* WORK REQUEST: Transcribe the listing below word for word but skip its images.

* GIVEN INFORMATION:
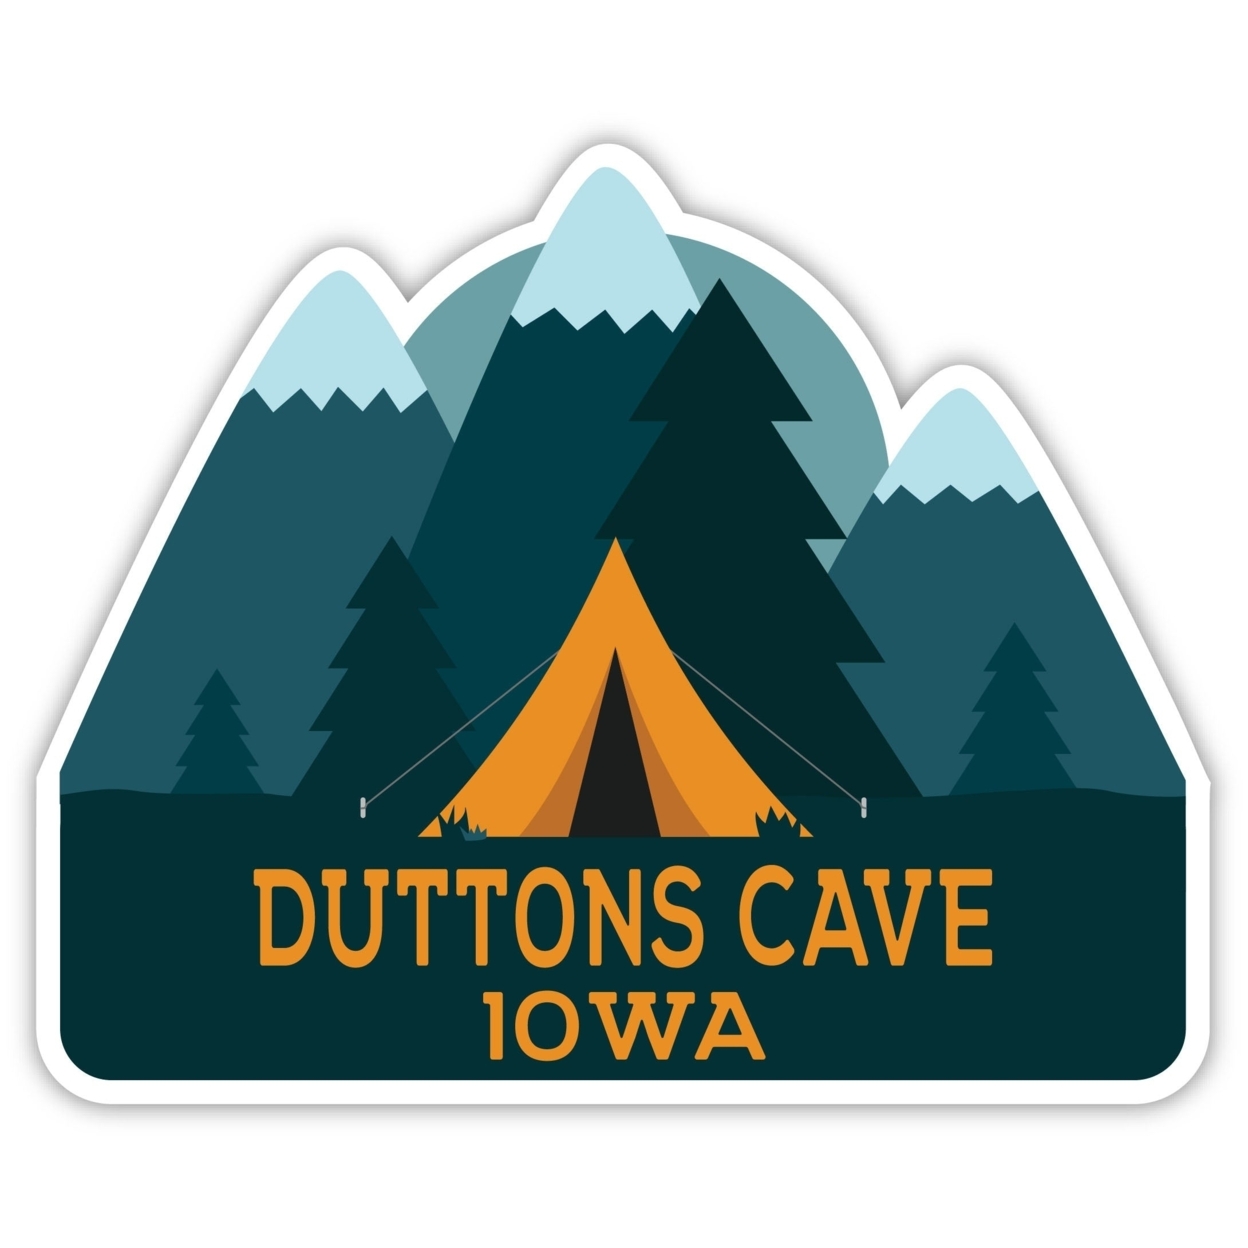 Duttons Cave Iowa Souvenir Decorative Stickers (Choose Theme And Size) - Single Unit, 2-Inch, Tent
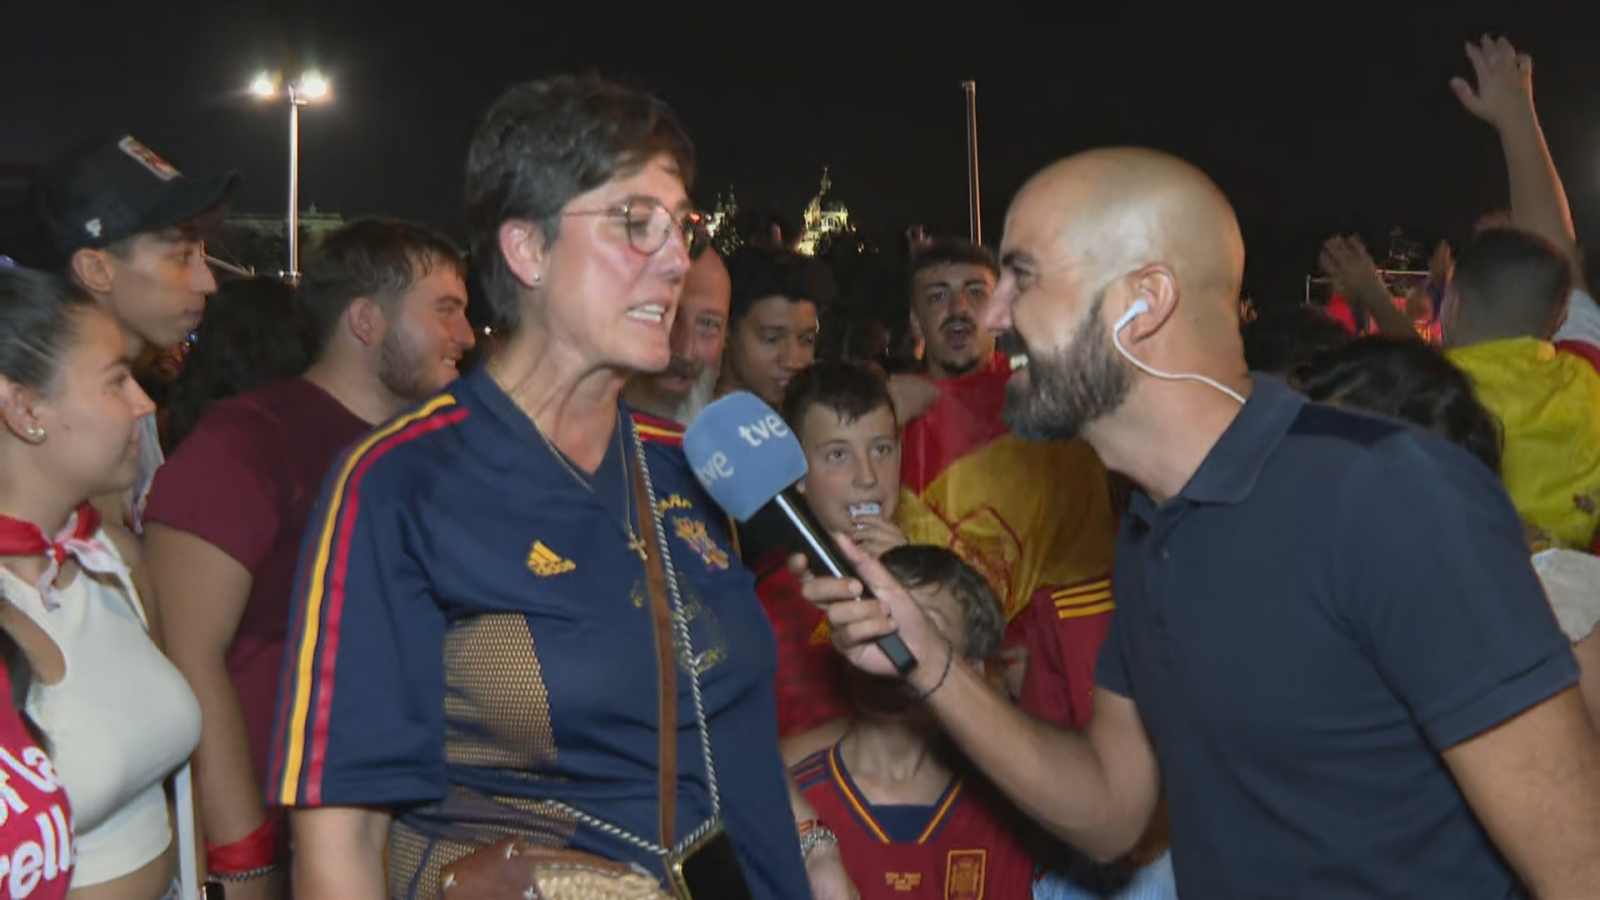 Noelia Tomé, hermana de la nueva seleccionadora Montse Tomé, explicó en la celebración del Mundial cómo nació su pasión por el fútbol
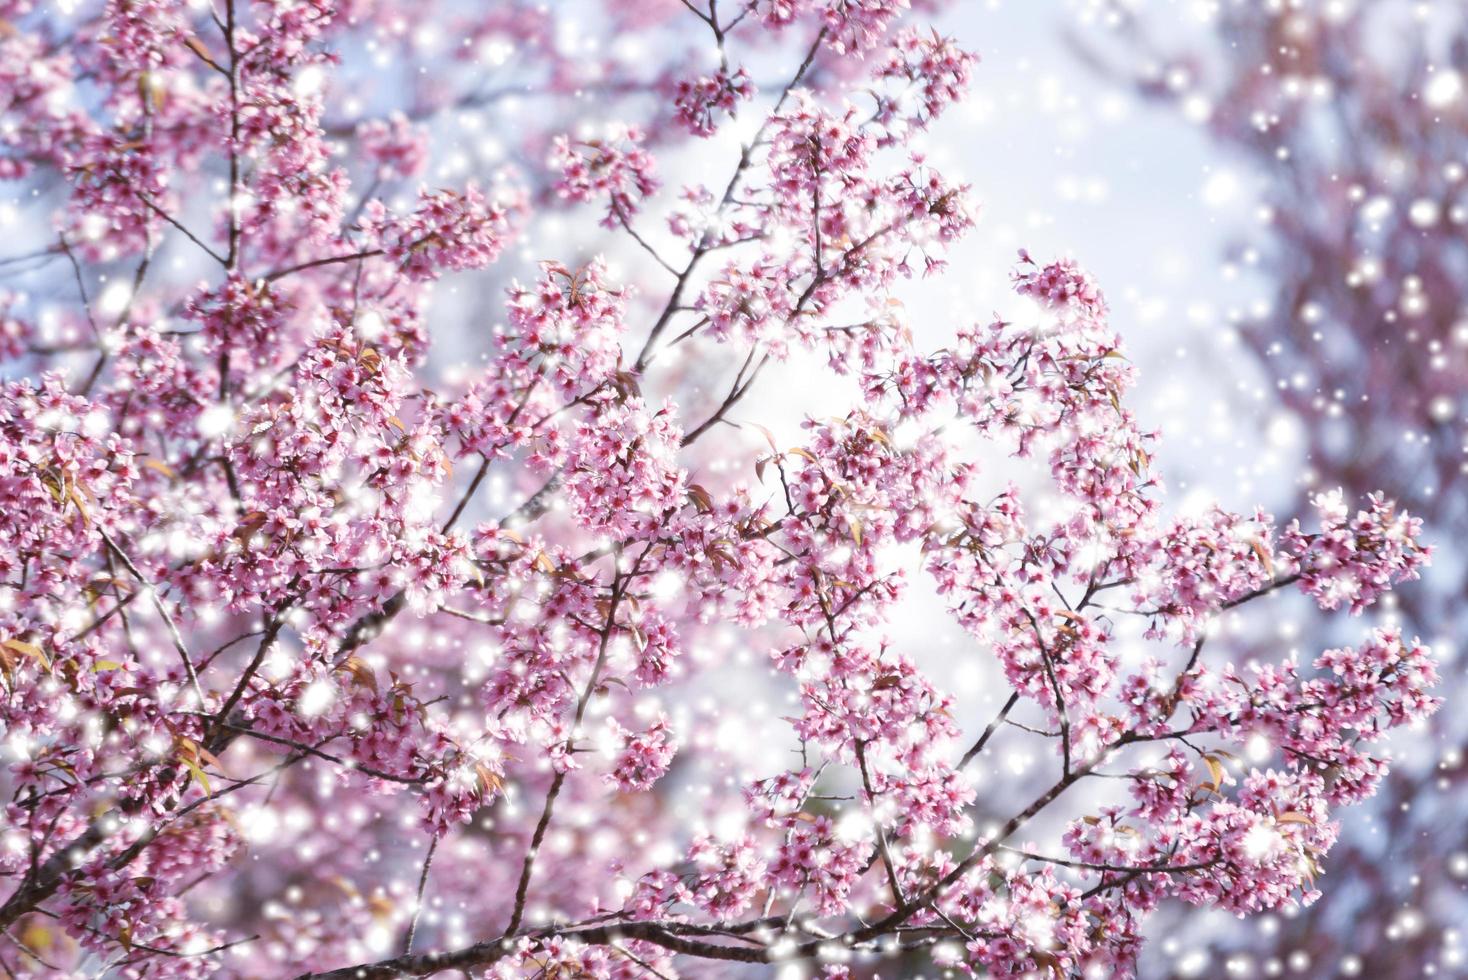 fiore di ciliegio himalayano selvatico, bellissimo fiore rosa sakura in inverno con paesaggio innevato foto

* ANSWER SPACE:
 Duttons Cave Iowa Souvenir Decorative Stickers (Choose Theme And Size) - Single Unit, 2-Inch, Tent
 Noelia Tomé, hermana de la nueva seleccionadora Montse Tomé, explicó en la celebración del Mundial cómo nació su pasión por el fútbol
 fiore di ciliegio himalayano selvatico, bellissimo fiore rosa sakura in inverno con paesaggio innevato foto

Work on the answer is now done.